OU has designated 25 rooms in various residence halls and another 34 in Bromley Hall for students who need to "self-isolate" themselves if they become ill with the flu, Hopka said. Dining services will prepare nutritious meals that other students can take to their friends in self-isolation, Hopka said. The university will be encouraging students to develop their own buddy systems for getting food back and forth to sick students.
Students who feel ill should go to Hudson Health Center, Hopka said, where they will be immediately screened if they have flu-like symptoms.
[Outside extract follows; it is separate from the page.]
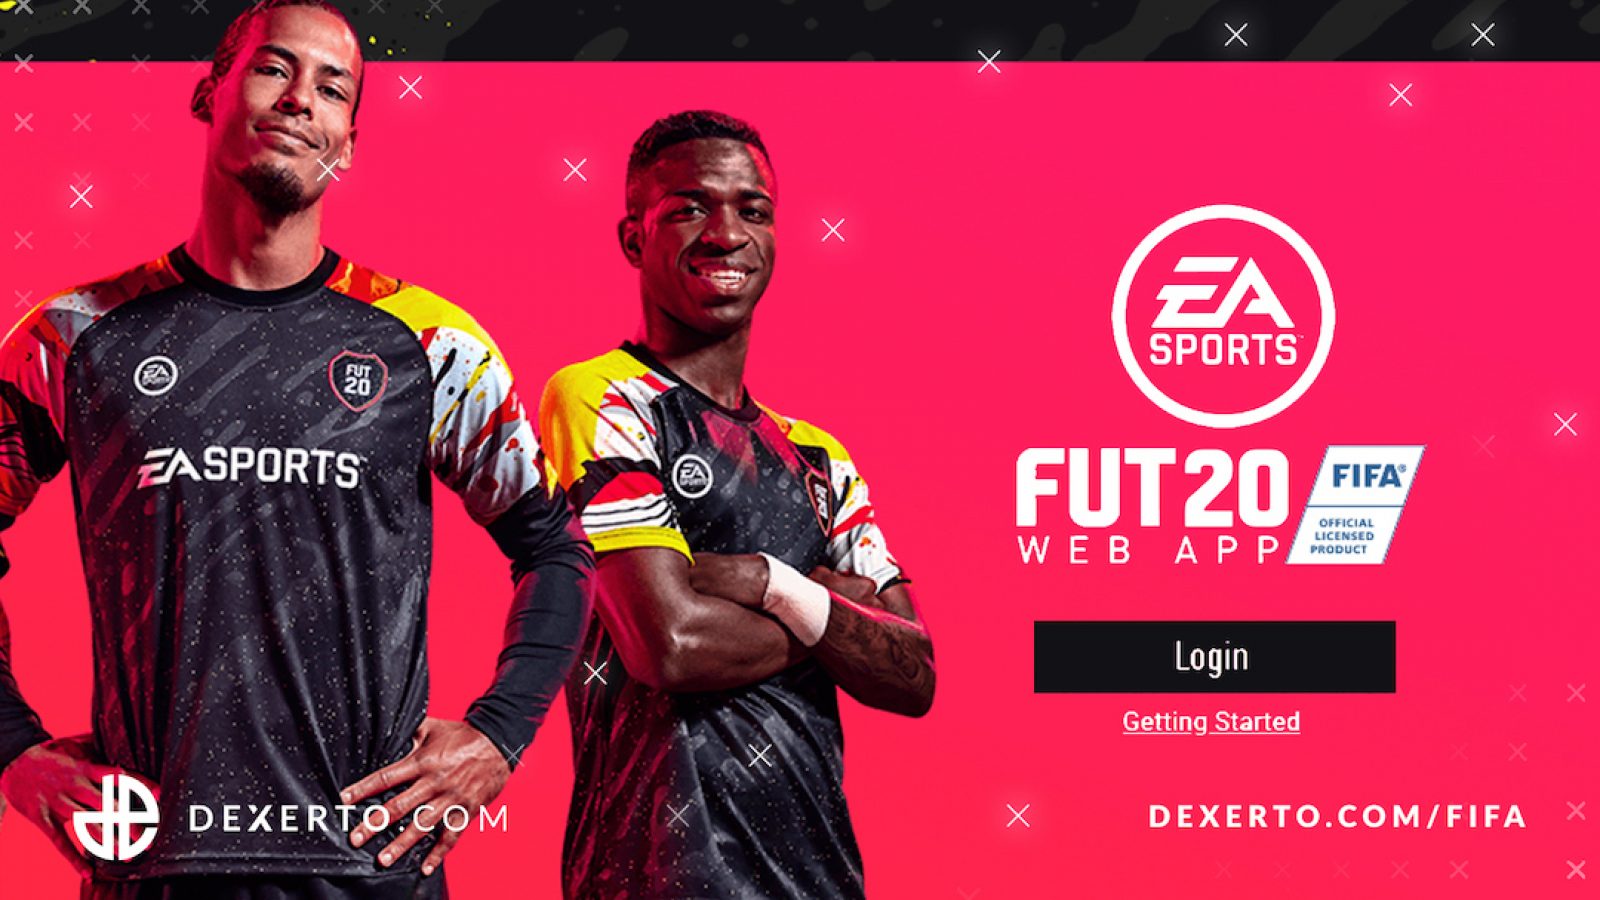 FIFA 20 Web App Release Date and FUT Webstart Details

While in the past students have been encouraged by some professors to attend class even if they're feeling slightly ill, Executive Vice President and Provost Pam Benoit and Faculty Senate Chair Joe McLaughlin are encouraging faculty to consider adjusting their attendance policies to the reality that students should not come to class if they experience any H1N1 symptoms.
In an e-mail sent out to all faculty, McLaughlin and Benoit ask professors and instructors to consider how they can change their syllabi in the event of an outbreak, how they can use technology to avoid contact with ill students, and how to help students make up for lost time after an outbreak.
"The university is being very responsible about this, and I think faculty are as well," McLaughlin told The Athens NEWS. "The university is doing what it needs to do and doing a good job preparing faculty and staff and students for this."
Because many schools on the semester system went back to class weeks before OU, the university has had the opportunity to learn from how these schools have dealt with H1N1 outbreaks, said Scott Titsworth, a professor of communication studies.
"OU has had a proactive versus reactive approach," he said.
Titsworth teaches Communication 101, where he will have 400 people meeting in a classroom. In the past, he said he encouraged students to err on the side of coming to class, but this year he changed his syllabus to err on the side of not coming to class if they suspect they might have the flu. Titsworth is also considering video taping his lectures in the event of a large-scale H1N1 outbreak.
As for treating H1N1, a sick person just needs to rest and find someone to help take care of him or her, since the disease can be very debilitating. In some cases that involve severe dehydration, the sick person should go to the hospital to receive fluids. Also in severe cases, doctors may prescribe anti-viral drugs to lessen the effects of the disease, but these drugs cannot cure the virus completely, Hammer said.
Health officials will be very selective about patients receiving the anti-viral drugs, because a limited number of the drugs exist, Hammer said. They are only for the severely ill, he added.
"We don't want students to be scared. We want students to take precautions," said Kent Smith, vice president for student affairs. The university has purchased wipes and hand-sanitizer for offices across campus and has made sure that cleaning services are using the best-possible cleaning solutions, Smith said.